This story was originally published by the WND News Center.
Officials in an Iowa city have repealed their ban on counseling for minors that deals with unwanted same-sex attractions and other issues after being warned it violated the First Amendment.
The dispute over such counseling has been a hot-button topic for the past few years, with leftists in governments and activist organizations insisting that such counseling should be banned to "protect" kids.
The point of the dispute is that if children express dislike for those feelings, and are counseled to a traditional sexual lifestyle, it destroys the argument from the LGBT ideology that people are "born that way" and cannot change.
Some court fights have ended up affirming the First Amendment violations; others have struck those bans down. The Supreme Court has yet to take up the issue.
The newest dispute developed in Waterloo, Iowa, which now has repealed a local ordinance that prevented counselors from providing minor clients with help to reduce or eliminate unwanted same-sex attractions, behaviors, or gender confusion.

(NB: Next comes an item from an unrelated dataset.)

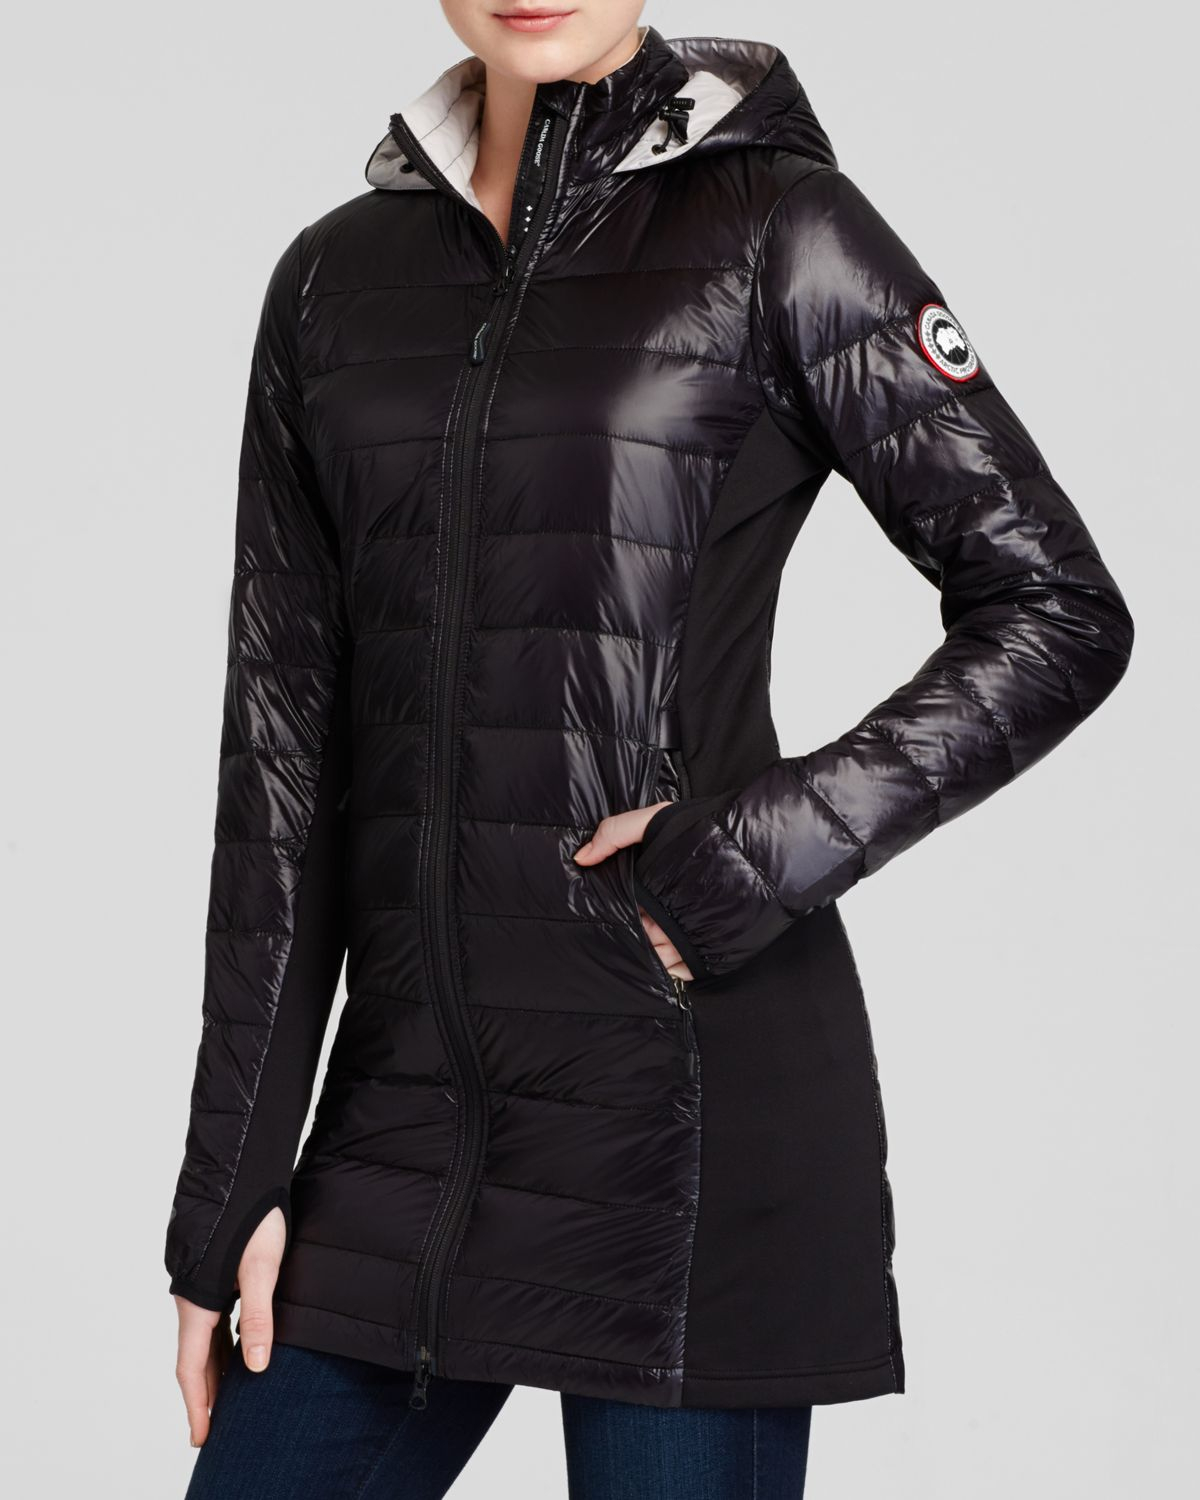 Canada Goose parka outlet 2016 - Best Fashion Cheap Authentic Canada Goose Jackets Safe And ...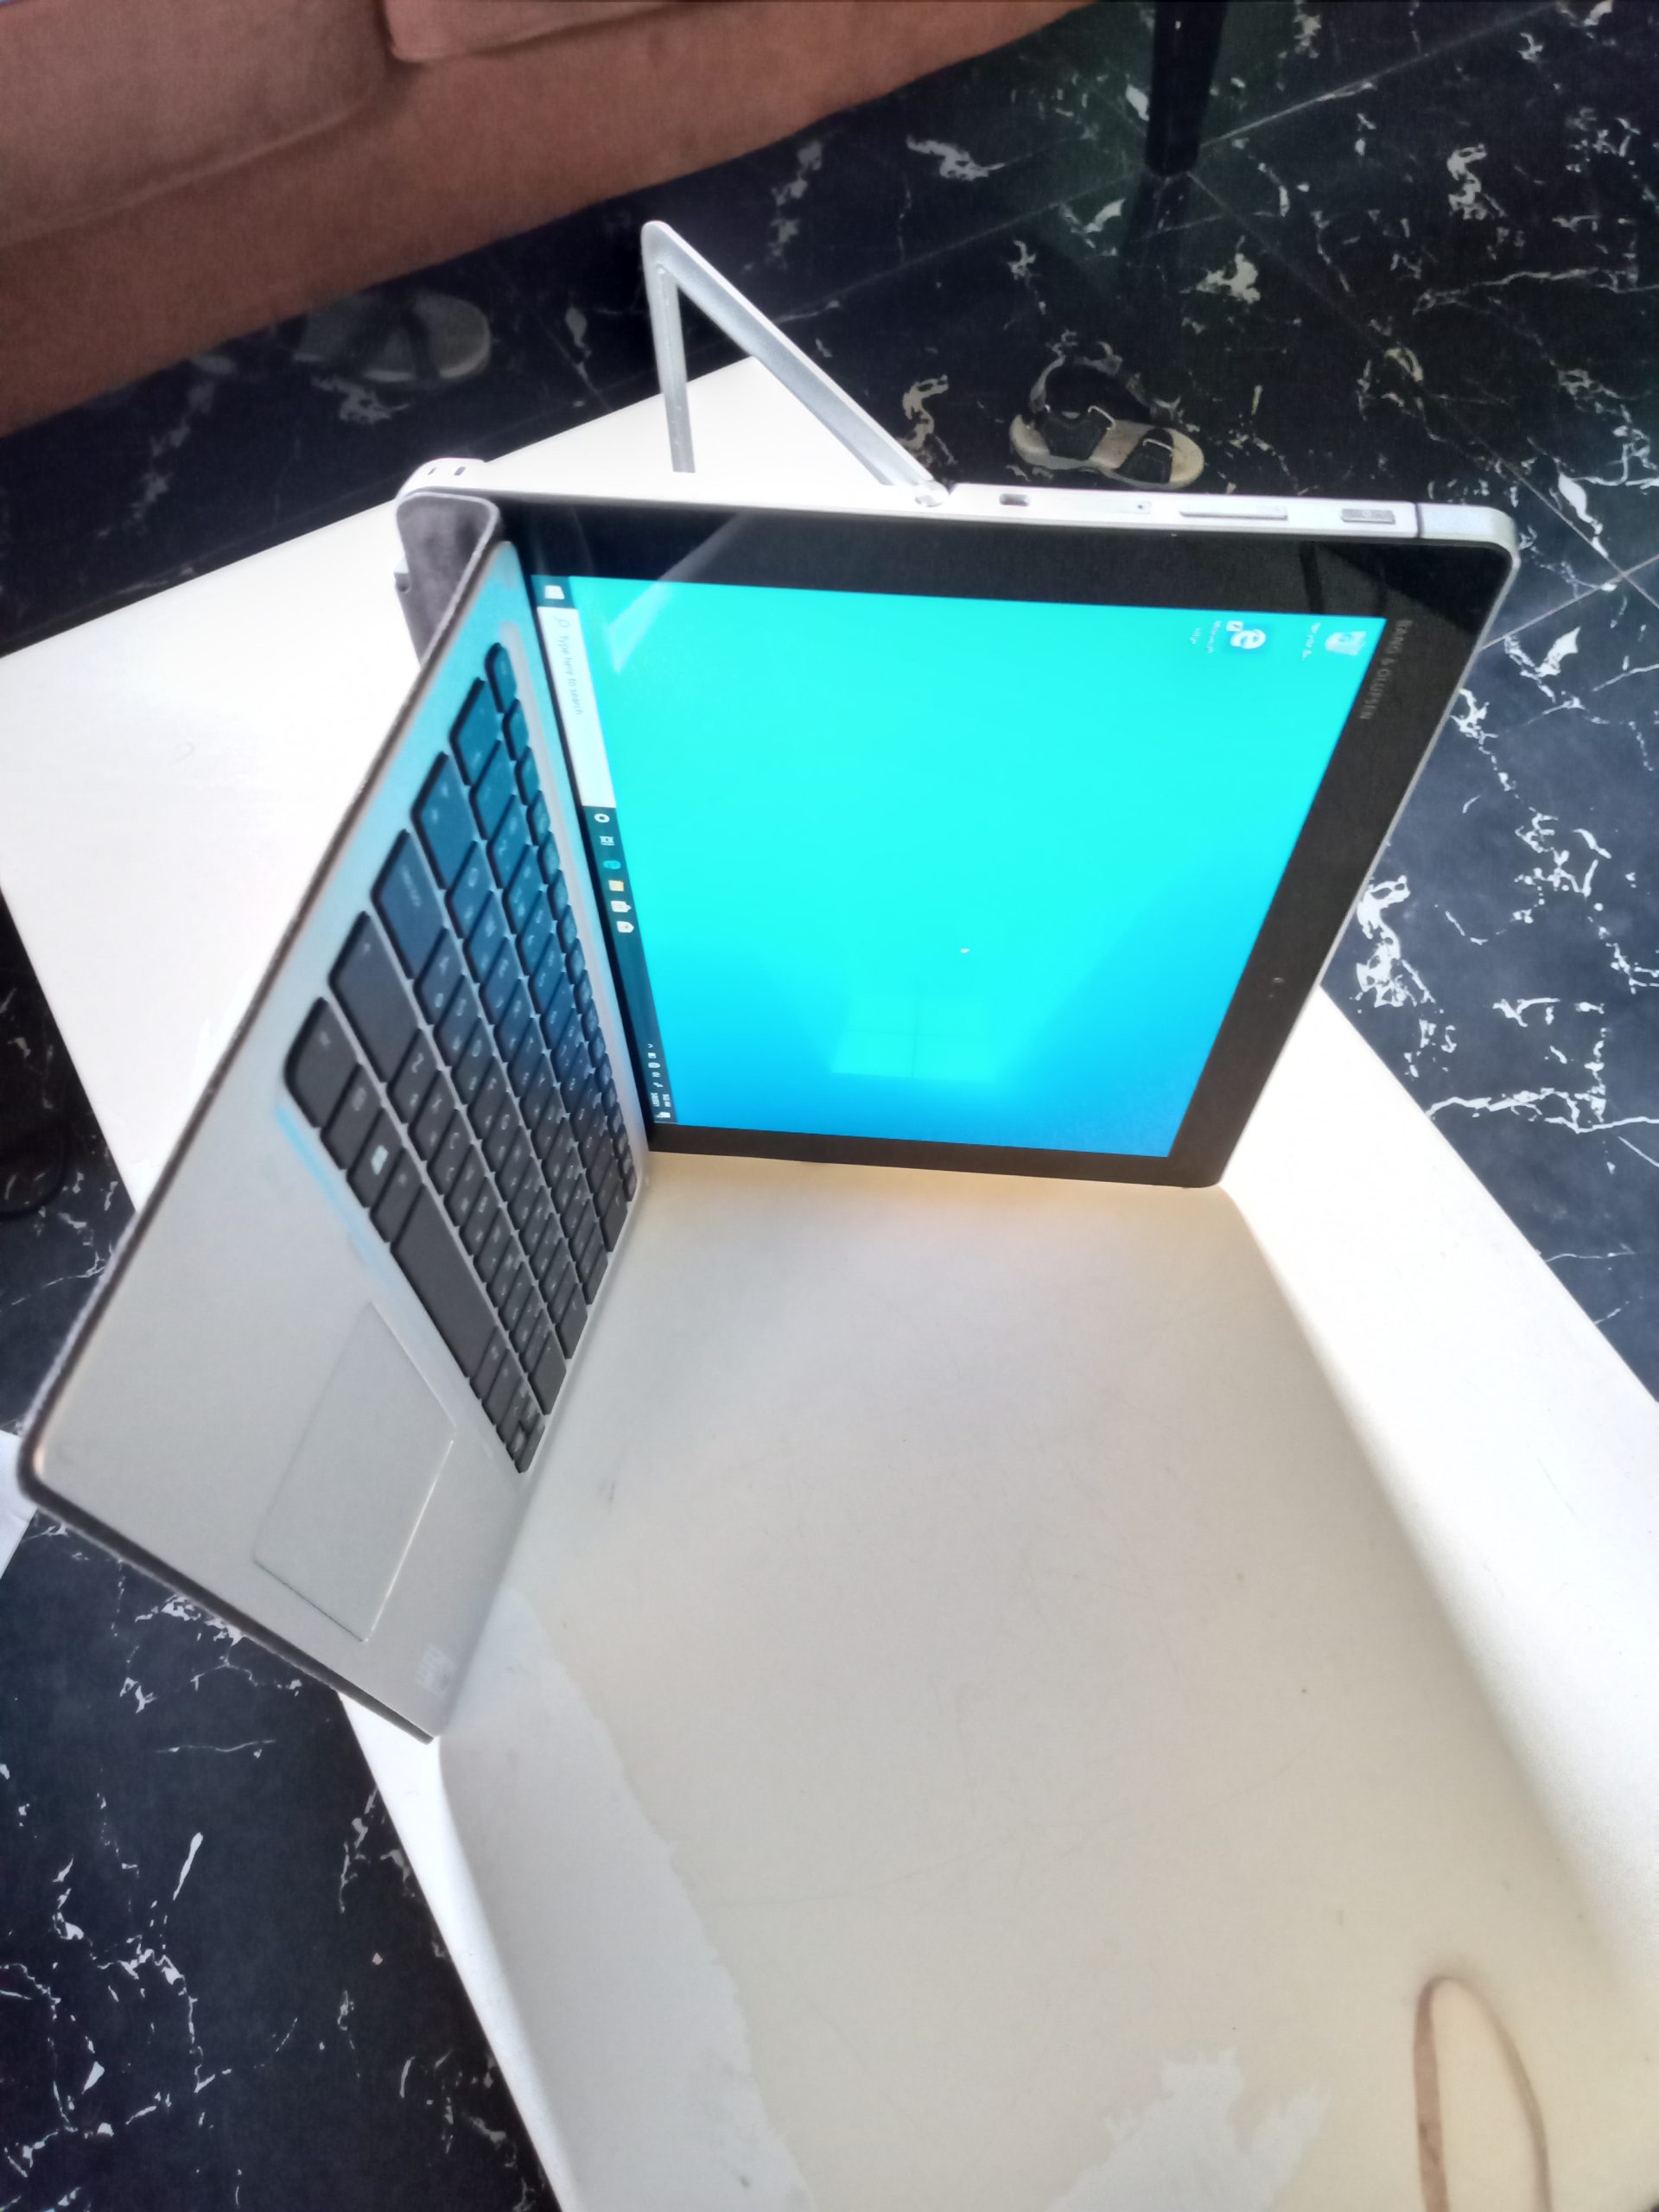 Cheap uk used hp x2 1012 laptop for sale in lagos core M5 , 256GB ssd , SLIM Keypadlight gbn mobile computer store usedcomputer,laptop,tocumbo,computervillage,ikeja,oshodi,arena,army,lagos,ladipo,ukused,londonused,american used Laptop,secondhand,computerstore,computershop

The ordinance had been approved only a few weeks earlier, and it was to ban "verbal counseling meant to 'change behaviors or gender expressions' in gender-confused children. However, the city council recently voted 4-3 to repeal that ordinance before facing potentially costly litigation as similar bans in other cities have been ruled unconstitutional."
Liberty Counsel, a legal team that has worked on the issue multiple times, said it sent a letter to the city council showing that local governments in Iowa do not have the authority to regulate licensed counseling because the Iowa legislature has given that power solely to Iowa’s Board of Behavior Science.
"In addition, the letter explained that Waterloo’s ban on counseling therapy (erroneously called 'conversion therapy') was 'offensive to the First Amendment' because it banned counseling 'based on the viewpoint of that counseling,'" Liberty Counsel explained.
"The ordinance also left professional counselors guessing as to how far the city would go in punishing violators since the municipal code prescribed variable fines and jail time for ordinance violations."
The 11th Circuit Court of Appeals recently struck down two similar ordinances in Florida, where local officials attempted to prohibit licensed counselors from providing voluntary counseling therapy to minors seeking help with unwanted gender confusion. The ruling was that the restrictions were unconstitutional under the First Amendment.
Liberty Counsel explained, "Under the laws that were struck down, a counselor could encourage a client to take life-altering hormone drugs or even undergo invasive surgery to remove healthy body parts but could not help a client who sought to overcome unwanted same-sex attractions, behavior, or confusion."